How to complete this task: Scan the records beneath this line for the line holding "Gletscher-Mannsschild am Aletschgletscher" and the line holding "Penn Station Nyc", then transcribe exactly those two and all lines between.

Dataset content below:

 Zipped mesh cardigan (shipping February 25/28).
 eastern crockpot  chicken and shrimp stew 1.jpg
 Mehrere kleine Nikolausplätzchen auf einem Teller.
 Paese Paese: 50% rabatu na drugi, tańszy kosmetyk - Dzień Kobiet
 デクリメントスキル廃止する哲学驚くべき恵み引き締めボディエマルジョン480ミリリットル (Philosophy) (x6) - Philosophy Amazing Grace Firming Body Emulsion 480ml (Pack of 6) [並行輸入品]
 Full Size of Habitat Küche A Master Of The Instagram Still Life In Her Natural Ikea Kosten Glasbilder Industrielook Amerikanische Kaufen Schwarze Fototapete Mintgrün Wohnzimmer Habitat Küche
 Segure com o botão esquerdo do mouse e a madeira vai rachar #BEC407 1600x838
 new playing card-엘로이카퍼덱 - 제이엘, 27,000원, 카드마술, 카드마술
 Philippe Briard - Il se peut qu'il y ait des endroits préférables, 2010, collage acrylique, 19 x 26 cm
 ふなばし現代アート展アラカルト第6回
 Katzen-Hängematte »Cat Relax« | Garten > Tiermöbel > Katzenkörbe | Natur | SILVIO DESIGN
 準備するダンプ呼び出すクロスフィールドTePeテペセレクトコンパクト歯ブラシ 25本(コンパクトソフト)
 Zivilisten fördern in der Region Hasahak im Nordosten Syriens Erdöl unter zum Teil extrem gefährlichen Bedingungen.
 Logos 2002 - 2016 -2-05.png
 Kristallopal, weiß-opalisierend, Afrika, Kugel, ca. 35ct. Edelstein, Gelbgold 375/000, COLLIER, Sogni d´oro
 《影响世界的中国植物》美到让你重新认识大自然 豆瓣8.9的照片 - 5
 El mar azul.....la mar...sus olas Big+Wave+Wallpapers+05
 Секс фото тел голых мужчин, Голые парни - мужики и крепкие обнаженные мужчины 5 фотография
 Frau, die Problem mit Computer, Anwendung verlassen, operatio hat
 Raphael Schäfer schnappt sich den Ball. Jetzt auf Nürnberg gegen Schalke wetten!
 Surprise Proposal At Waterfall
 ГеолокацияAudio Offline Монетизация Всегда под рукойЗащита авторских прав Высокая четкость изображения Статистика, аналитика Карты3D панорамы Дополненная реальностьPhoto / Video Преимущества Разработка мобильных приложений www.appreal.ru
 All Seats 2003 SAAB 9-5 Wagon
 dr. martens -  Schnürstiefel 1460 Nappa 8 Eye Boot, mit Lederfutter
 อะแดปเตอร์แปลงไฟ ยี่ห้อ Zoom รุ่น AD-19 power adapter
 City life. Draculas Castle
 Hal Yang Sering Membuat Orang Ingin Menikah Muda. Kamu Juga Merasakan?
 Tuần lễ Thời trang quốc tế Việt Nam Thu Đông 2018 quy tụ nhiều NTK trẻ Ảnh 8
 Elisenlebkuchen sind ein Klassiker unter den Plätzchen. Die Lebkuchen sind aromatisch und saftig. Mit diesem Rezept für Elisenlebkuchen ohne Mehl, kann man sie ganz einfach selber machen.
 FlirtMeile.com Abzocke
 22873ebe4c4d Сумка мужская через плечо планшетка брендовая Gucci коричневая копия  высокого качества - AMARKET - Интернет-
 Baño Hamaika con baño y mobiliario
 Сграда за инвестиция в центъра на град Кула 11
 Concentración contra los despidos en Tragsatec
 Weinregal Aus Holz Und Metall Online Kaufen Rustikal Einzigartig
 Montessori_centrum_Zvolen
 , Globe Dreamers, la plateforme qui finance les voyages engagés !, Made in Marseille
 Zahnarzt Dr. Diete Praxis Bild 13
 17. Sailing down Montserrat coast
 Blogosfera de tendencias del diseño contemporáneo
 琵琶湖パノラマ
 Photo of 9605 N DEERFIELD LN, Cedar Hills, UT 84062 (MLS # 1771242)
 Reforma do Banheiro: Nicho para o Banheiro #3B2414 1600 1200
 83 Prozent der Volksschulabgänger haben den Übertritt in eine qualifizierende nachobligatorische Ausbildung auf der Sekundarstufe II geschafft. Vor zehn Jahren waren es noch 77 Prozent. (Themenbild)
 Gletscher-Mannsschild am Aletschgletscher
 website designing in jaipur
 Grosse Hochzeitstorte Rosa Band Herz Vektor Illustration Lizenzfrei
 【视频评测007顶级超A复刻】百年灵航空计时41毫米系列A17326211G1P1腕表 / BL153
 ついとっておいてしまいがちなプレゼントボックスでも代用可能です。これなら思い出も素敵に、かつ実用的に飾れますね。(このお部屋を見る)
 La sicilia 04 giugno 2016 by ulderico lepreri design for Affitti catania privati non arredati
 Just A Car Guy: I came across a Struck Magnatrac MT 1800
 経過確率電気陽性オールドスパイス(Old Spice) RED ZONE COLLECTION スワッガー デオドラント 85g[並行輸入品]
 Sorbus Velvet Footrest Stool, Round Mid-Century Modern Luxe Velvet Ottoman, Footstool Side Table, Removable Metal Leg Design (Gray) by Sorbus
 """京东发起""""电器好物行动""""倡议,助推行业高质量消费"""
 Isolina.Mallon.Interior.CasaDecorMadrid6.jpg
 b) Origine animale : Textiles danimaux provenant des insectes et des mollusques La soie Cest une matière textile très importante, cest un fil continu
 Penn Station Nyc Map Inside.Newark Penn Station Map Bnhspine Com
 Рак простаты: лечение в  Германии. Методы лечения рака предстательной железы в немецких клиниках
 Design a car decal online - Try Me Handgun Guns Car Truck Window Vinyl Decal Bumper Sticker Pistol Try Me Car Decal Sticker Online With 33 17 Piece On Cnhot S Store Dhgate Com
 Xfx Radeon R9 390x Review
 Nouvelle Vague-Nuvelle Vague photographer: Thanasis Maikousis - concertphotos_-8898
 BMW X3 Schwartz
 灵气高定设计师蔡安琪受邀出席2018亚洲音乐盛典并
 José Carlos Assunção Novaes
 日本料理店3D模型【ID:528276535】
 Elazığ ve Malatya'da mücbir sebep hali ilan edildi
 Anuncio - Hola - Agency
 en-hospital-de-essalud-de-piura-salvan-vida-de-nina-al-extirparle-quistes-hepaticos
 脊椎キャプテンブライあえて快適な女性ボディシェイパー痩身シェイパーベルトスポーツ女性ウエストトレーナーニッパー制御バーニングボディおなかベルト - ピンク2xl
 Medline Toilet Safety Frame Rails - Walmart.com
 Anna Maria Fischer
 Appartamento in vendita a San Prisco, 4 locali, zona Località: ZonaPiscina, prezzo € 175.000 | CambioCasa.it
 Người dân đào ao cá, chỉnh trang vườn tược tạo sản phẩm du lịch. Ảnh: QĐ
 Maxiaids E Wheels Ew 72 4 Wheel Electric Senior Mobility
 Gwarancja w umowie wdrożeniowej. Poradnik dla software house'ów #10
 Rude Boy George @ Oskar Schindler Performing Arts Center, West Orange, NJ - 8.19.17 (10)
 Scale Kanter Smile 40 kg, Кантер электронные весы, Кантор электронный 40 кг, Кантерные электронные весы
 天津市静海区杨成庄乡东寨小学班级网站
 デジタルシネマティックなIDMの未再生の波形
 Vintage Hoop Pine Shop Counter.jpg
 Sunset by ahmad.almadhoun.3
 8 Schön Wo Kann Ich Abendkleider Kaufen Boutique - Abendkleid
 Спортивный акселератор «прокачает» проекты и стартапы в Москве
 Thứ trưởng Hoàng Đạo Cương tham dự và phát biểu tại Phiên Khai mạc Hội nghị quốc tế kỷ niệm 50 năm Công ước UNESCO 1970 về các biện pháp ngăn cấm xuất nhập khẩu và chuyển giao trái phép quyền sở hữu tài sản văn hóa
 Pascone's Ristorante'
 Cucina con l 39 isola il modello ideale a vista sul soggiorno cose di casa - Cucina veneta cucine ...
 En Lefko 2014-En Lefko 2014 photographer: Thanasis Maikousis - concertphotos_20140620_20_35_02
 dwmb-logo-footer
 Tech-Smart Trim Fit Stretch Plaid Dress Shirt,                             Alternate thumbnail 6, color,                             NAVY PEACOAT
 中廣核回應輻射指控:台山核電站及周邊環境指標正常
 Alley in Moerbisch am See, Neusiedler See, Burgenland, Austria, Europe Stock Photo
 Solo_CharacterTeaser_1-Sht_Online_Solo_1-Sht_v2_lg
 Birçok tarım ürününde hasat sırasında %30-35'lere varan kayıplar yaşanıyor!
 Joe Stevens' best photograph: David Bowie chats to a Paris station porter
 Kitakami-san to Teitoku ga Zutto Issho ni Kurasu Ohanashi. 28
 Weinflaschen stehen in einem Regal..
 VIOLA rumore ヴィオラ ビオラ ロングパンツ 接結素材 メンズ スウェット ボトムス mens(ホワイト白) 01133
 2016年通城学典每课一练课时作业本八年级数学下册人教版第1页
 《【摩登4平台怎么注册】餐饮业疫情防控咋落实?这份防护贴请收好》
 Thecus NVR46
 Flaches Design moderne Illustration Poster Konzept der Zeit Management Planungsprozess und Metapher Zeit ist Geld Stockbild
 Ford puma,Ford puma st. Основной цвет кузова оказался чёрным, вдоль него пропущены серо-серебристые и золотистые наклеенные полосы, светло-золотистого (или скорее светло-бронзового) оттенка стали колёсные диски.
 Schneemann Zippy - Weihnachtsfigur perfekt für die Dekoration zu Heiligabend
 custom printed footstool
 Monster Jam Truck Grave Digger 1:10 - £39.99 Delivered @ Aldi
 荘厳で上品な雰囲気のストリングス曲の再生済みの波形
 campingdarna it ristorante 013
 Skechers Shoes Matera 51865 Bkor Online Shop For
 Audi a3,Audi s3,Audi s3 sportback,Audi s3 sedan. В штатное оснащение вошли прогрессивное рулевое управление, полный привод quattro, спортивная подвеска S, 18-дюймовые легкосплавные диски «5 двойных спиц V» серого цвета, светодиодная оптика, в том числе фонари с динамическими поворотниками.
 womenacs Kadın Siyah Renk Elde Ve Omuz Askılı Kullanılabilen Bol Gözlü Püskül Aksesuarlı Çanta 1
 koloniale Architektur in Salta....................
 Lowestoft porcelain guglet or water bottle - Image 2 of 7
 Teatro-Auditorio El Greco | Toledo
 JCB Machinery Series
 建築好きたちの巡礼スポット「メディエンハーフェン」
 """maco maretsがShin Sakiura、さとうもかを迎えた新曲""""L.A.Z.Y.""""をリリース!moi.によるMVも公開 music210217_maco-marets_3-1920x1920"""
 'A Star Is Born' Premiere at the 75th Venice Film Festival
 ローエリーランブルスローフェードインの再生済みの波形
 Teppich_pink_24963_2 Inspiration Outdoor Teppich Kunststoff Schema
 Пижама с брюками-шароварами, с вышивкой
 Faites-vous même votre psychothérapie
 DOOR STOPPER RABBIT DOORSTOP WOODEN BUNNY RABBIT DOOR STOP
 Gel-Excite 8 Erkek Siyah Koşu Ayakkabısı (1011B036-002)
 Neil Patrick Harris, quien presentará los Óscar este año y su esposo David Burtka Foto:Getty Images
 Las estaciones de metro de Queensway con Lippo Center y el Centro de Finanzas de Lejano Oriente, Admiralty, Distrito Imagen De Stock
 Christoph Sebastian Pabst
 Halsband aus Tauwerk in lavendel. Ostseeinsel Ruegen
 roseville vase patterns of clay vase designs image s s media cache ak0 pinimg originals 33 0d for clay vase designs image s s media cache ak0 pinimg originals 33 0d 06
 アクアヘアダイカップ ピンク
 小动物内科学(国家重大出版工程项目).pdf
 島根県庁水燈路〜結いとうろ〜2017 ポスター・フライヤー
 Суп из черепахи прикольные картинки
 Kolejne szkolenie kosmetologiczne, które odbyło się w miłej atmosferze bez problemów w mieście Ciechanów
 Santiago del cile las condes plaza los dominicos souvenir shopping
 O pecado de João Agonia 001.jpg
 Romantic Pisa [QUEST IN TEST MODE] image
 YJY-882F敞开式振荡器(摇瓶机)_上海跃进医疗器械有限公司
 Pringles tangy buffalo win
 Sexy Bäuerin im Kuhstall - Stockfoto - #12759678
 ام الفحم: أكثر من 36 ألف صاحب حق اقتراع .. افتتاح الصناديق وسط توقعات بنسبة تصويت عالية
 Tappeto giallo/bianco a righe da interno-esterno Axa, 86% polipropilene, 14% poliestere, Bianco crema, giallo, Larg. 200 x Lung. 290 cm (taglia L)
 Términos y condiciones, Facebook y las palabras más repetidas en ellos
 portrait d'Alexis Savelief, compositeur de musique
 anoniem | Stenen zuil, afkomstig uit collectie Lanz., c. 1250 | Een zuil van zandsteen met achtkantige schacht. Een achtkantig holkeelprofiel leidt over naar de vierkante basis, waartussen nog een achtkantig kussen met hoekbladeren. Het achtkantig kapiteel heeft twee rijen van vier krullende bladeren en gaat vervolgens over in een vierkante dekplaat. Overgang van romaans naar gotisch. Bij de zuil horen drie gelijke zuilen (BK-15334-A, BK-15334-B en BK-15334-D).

End of Dataset content.

Final answer:
 Gletscher-Mannsschild am Aletschgletscher
 website designing in jaipur
 Grosse Hochzeitstorte Rosa Band Herz Vektor Illustration Lizenzfrei
 【视频评测007顶级超A复刻】百年灵航空计时41毫米系列A17326211G1P1腕表 / BL153
 ついとっておいてしまいがちなプレゼントボックスでも代用可能です。これなら思い出も素敵に、かつ実用的に飾れますね。(このお部屋を見る)
 La sicilia 04 giugno 2016 by ulderico lepreri design for Affitti catania privati non arredati
 Just A Car Guy: I came across a Struck Magnatrac MT 1800
 経過確率電気陽性オールドスパイス(Old Spice) RED ZONE COLLECTION スワッガー デオドラント 85g[並行輸入品]
 Sorbus Velvet Footrest Stool, Round Mid-Century Modern Luxe Velvet Ottoman, Footstool Side Table, Removable Metal Leg Design (Gray) by Sorbus
 """京东发起""""电器好物行动""""倡议,助推行业高质量消费"""
 Isolina.Mallon.Interior.CasaDecorMadrid6.jpg
 b) Origine animale : Textiles danimaux provenant des insectes et des mollusques La soie Cest une matière textile très importante, cest un fil continu
 Penn Station Nyc Map Inside.Newark Penn Station Map Bnhspine Com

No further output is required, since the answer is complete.